__Task to carry out__. A verbatim reproduction of the lines below, from the line containing "Gretsch Guitar Wallpaper" through the line containing "Fassade und Eingang", both ends included, is the whole required output.

[Collected data entries]
+---+

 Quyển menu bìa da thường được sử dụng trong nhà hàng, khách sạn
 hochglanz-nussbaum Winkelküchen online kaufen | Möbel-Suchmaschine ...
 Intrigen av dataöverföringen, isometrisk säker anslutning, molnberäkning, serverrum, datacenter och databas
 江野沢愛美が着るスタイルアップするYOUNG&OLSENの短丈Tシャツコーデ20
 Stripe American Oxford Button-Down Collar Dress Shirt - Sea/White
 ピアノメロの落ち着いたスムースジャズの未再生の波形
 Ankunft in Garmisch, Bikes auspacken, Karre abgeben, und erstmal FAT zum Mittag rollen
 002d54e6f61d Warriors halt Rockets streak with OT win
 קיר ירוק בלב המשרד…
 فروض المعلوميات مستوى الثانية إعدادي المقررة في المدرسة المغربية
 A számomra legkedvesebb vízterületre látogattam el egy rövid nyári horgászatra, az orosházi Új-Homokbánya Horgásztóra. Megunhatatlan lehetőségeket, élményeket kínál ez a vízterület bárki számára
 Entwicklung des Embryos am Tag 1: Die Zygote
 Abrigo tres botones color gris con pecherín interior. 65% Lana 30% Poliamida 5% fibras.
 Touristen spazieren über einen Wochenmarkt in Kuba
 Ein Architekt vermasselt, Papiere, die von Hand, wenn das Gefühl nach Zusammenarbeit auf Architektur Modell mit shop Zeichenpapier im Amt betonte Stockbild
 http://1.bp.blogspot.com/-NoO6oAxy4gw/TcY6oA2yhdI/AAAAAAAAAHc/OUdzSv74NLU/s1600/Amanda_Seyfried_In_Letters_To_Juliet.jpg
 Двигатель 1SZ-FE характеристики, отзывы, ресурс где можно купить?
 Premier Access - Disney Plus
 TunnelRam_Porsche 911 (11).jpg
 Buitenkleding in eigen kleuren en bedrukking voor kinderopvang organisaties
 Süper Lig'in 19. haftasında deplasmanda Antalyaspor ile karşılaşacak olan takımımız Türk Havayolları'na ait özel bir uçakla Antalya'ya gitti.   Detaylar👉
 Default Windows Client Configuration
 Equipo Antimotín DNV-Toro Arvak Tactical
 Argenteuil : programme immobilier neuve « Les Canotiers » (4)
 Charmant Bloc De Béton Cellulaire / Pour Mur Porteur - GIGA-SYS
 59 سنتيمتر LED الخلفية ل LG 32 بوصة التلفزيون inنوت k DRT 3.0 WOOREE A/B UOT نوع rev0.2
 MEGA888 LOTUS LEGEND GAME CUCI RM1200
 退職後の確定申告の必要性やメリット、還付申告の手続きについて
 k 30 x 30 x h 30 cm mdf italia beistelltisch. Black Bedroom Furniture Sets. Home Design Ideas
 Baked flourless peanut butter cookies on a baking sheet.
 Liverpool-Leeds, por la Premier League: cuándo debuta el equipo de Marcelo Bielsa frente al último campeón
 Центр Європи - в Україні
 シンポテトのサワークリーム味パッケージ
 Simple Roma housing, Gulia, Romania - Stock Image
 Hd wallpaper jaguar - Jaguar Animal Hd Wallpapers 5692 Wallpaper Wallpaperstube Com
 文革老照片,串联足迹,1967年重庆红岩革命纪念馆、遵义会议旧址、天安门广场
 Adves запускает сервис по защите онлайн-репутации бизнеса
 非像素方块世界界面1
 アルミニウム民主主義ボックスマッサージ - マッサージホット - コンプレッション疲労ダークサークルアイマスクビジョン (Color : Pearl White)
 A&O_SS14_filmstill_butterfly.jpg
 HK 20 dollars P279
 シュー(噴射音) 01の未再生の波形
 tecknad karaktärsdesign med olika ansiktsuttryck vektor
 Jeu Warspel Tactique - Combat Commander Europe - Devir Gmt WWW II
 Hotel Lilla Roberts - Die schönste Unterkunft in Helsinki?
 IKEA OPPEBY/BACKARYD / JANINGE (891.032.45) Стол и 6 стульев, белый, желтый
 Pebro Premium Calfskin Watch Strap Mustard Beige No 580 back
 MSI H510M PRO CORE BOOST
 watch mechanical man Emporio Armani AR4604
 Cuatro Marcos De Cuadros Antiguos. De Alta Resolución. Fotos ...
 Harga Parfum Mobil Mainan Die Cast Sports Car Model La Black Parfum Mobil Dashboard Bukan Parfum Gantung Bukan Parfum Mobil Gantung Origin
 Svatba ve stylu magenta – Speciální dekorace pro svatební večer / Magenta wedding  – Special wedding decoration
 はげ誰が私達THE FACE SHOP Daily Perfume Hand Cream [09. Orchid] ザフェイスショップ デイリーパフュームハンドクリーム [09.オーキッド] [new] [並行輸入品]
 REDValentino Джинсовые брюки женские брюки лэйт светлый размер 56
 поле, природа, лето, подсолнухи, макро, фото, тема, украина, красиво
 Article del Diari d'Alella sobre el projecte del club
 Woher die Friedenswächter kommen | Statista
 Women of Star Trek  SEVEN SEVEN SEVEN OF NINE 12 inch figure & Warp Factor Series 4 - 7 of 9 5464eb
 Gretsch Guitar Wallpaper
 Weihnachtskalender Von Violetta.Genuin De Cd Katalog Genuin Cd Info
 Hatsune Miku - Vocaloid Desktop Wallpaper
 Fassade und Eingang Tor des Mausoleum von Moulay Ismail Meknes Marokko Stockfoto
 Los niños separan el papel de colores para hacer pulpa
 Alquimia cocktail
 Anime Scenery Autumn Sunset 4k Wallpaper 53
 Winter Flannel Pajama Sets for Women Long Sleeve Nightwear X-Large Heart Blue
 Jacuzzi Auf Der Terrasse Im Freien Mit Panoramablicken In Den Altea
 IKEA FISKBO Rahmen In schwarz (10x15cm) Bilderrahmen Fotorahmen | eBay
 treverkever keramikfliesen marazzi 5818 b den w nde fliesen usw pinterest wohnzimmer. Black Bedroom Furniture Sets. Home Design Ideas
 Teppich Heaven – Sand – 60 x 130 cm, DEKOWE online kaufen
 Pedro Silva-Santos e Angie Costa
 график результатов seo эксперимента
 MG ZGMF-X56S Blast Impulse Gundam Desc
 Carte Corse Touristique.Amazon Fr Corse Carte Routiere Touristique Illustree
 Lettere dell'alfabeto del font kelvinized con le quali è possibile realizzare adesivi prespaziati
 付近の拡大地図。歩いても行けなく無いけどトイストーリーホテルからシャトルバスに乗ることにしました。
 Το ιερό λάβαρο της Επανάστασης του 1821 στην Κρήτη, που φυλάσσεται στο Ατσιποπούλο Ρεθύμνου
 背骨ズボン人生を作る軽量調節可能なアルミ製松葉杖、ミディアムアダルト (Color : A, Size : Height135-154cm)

+---+

__Result of this exercise__.
 Gretsch Guitar Wallpaper
 Weihnachtskalender Von Violetta.Genuin De Cd Katalog Genuin Cd Info
 Hatsune Miku - Vocaloid Desktop Wallpaper
 Fassade und Eingang Tor des Mausoleum von Moulay Ismail Meknes Marokko Stockfoto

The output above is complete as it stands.